Horton C, Maden M
Developmental Biology Research Centre, King's College London, United Kingdom.
Dev Dyn. 1995 Mar;202(3):312-23. doi: 10.1002/aja.1002020310.
We have analysed the endogenous retinoids present in whole mouse embryos from day 9 to day 14 of development and in individual components of the embryo at two stages, day 10.5 and day 13, by HPLC. We can only detect two retinoids, all-trans-RA (tRA) and all-trans-retinol (t-retinol), and t-retinol is 5-10-fold in excess over tRA. We cannot detect 9-cis-RA or any didehydroretinoids; thus mammalian embryos seem to differ in their retinoid content from other embryos such as chick, Xenopus, and fish. The levels of tRA do not change significantly over the 6 days of development analysed, whereas t-retinol rises sharply as the liver develops. Within the embryo, tRA is present at high levels in the developing spinal cord and at very low levels in the forebrain; indeed there is a gradient of endogenous tRA from the forebrain to the spinal cord. Other parts of the embryo had intermediate levels of tRA. When a teratogenic dose of RA was administered to day 10.5 embryos, the levels of tRA present in individual tissues of the embryo rose dramatically--from 175-fold to 1,400-fold--and the levels rose in all tissues not in any exclusive areas. We then determined which areas of the embryo were malformed by such a teratogenic dose. The lower jaw, palate, vertebrae, tail, and limbs were consistently abnormal, and since these areas received a dose of tRA no higher than any other it was concluded that cell-specific factors must determine the teratogenic response of these tissues. We then considered whether cellular retinoic acid-binding protein I or II (CRABP I or II) played any role in this response by determining their relative levels in each of the tissues analysed. There was no correlation between the presence of CRABP I and II and the distribution of administered RA. Neither was there a clear correlation in detail between the presence of CRABP I and II and the sites of teratogenesis. We therefore conclude that other factors, for example, nuclear factors, must be responsible for the teratogenic response to RA.

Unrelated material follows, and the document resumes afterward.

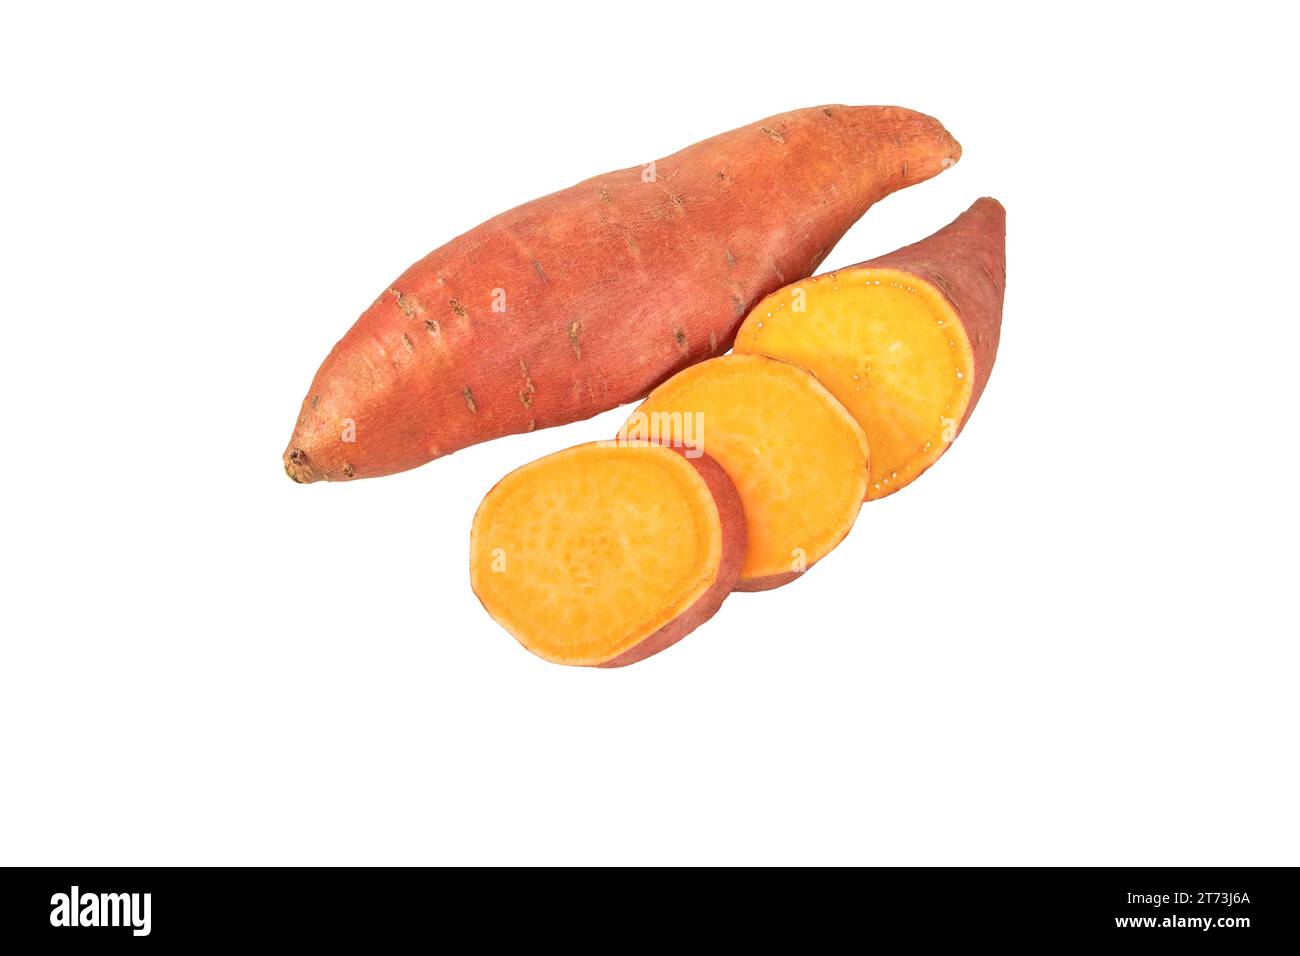 Süßkartoffel oder Süßkartoffel, ganze und in Scheiben geschnittene Röhrchen mit roter Haut und gelbem Fruchtfleisch, isoliert auf weiß. Grundnahrungsmittel für Gemüse. Stockfoto

我们通过高效液相色谱法(HPLC)分析了发育第9天至第14天的全小鼠胚胎以及胚胎在第10.5天和第13天这两个阶段的各个组成部分中存在的内源性类视黄醇。我们仅能检测到两种类视黄醇,全反式视黄酸(tRA)和全反式视黄醇(t - 视黄醇),且t - 视黄醇的含量比tRA高出5至10倍。我们无法检测到9 - 顺式视黄酸或任何双脱氢视黄醇;因此,哺乳动物胚胎的类视黄醇含量似乎与其他胚胎(如鸡、非洲爪蟾和鱼类)不同。在所分析的6天发育过程中,tRA的水平没有显著变化,而随着肝脏的发育,t - 视黄醇急剧上升。在胚胎内部,tRA在发育中的脊髓中含量很高,在前脑中含量极低;实际上,从脑前部到脊髓存在内源性tRA的梯度。胚胎的其他部分tRA含量处于中间水平。当给第10.5天的胚胎施用致畸剂量的视黄酸时,胚胎各个组织中tRA的含量急剧上升——从175倍升至1400倍——且所有组织中的含量均上升,并非仅限于某些特定区域。然后我们确定了这种致畸剂量会使胚胎的哪些区域出现畸形。下颌、腭、椎骨、尾巴和四肢始终出现异常,并且由于这些区域接受的tRA剂量并不高于其他区域,因此得出结论,细胞特异性因素必定决定了这些组织的致畸反应。接着我们通过测定所分析的每个组织中细胞视黄酸结合蛋白I或II(CRABP I或II)的相对水平,来考虑它们在这种反应中是否起任何作用。CRABP I和II的存在与施用视黄酸的分布之间没有相关性。CRABP I和II的存在与致畸部位之间也没有详细的明显相关性。因此,我们得出结论,其他因素,例如核因子,必定是对视黄酸致畸反应负责的因素。